Another potential intriguing consequence of the presence of lipofuscin is the demonstration that photodegradation products of the fluorophore induce the complement cascade that may be relevant to Bruch’s membrane thickening.56
Measurement of visual function over areas of increased autofluorescence showed loss of scotopic function that was much greater than photopic, and that the loss was as great as 3.5 log units.57 The question as to whether the loss is due to cell loss or cell dysfunction was not addressed.
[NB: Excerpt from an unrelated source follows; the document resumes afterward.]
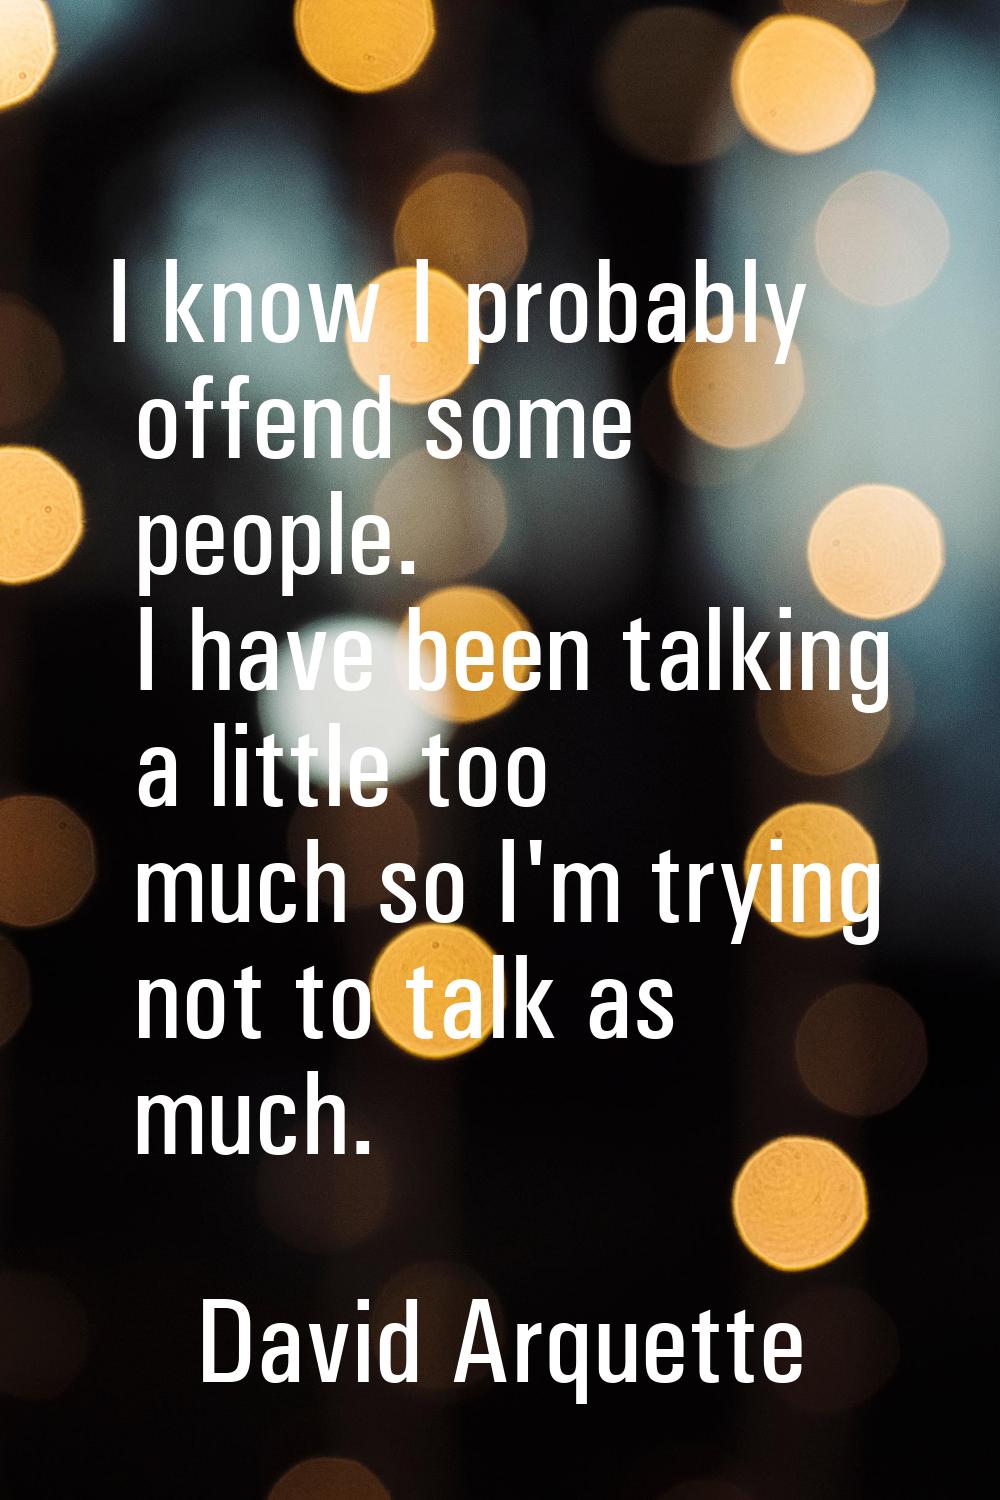 I know I probably offend some people. I have been talking a little too much so I'm trying not to ta

If increased lipofuscin is important to genesis of GA, it would argue against dietary supplementation with vitamin A. Efforts are now underway to reduce the accumulation of lipofuscin therapeutically by restricting the availability of vitamin A to the retina. Initial results have shown the potential benefits of this approach in the ABCA4 knockout mouse.58 Agents that increase lysosomal activity or lower phagolysosomal pH might also be effective. On theoretical grounds light restriction might also be helpful.